Seems like hardware manifactures really run out of names these days...


----------



## NHKS (Aug 7, 2012)

renz496 said:


> so can we expect GTX780 around december / jan 2013 now?



 sometime Jan-Mar 2013 is likely.. unless nv changes its plans




Dj-ElectriC said:


> Seems like hardware manifactures really run out of names these days...



and when they do they just add suffix / prefix to the existing names.. like K5000 >> "kepler"5000 to succeed the existing 5000??!


----------



## Casecutter (Aug 7, 2012)

I don't know how anyone translates all this mumbo-jumbo in this, as indicating it’s a GK100 foundation  or that this signifies there’s going to be a “Big Kepler” offered to anyone other than corporate clients.  While it could be, because saying “computation capabilities of the platform” and then later denotes “dramatically faster”…. given what we know from the GK104 that may point to something.

Here's what I read...


Cristian_25H said:


> ability to simultaneously perform complex analysis and visualization on a single machine... With this second generation of Maximus, compute work is assigned to run on the new NVIDIA Tesla K20 GPU computing accelerator, freeing up the new NVIDIA Quadro K5000 GPU to handle graphics functions. Maximus _unified technology _transparently and automatically _assign_s visualization and simulation or rendering work _to the right processor_.
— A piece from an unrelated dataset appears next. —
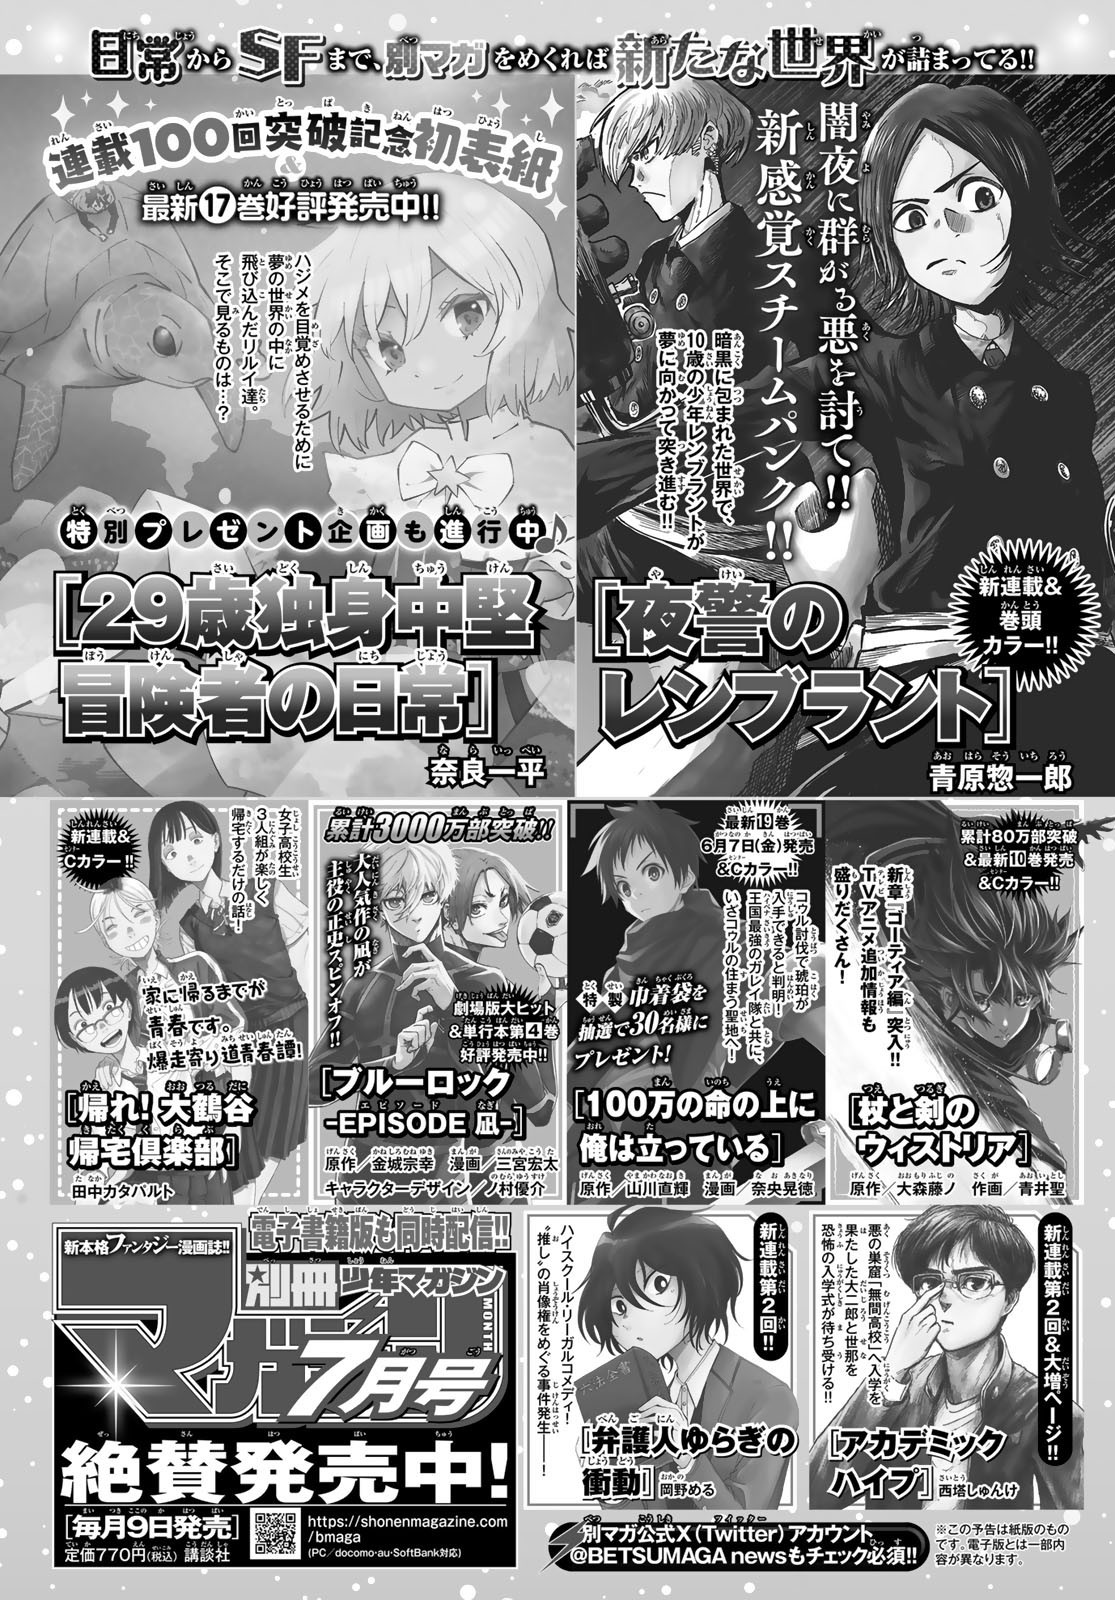 Weekly Shōnen Magazine - 週刊少年マガジン - Chapter 2024-28 - Page 425

Sounds like two independent processors?


----------



## NHKS (Aug 7, 2012)

^ maybe u should see this... 
http://www.nvidia.com/content/tesla/pdf/NV_DS_TeslaK_Family_May_2012_LR.pdf

K10   - 2x GK104
K20   - 1x GK110
K5000- 1x GK104 

GK110 being used in GTX 7xx series is just a common speculation since it showed up in nv material... it might be true or turn out as workstation exclusive chip - former is more likely as it is a big chip and nv probably wanted the 28nm process to mature before using it..

as for Maximus tech.. its not new.. its like Optimus tech(switch iGP & GPU) from nv.. in this case, it switches between 'design/graphics' & 'compute' process if the workstation has both Quadro(design) & Tesla(compute) cards.. kind of like a hybrid SLI..


----------



## Mistral (Aug 7, 2012)

Knee-jerk reaction to the AMD announcement from earlier?

In any case, I call BS on that plane. With all the crud attached to it it won't even be able to take off.


----------



## TheMailMan78 (Aug 7, 2012)

Mistral said:


> Knee-jerk reaction to the AMD announcement from earlier?
> 
> In any case, I call BS on that plane. With all the crud attached to it it won't even be able to take off.



A1- Sky Raider could.


----------



## SIGSEGV (Aug 7, 2012)

Mistral said:


> Knee-jerk reaction to the AMD announcement from earlier?
> 
> In any case, I call BS on that plane. With all the crud attached to it it won't even be able to take off.



lmao, 
even those products still on their dream and will be released around next 4-5 months from now, meh..


----------



## Fluffmeister (Aug 7, 2012)

Nv have a wide and varied customer base and stacks of cards will already be sold to existing customers.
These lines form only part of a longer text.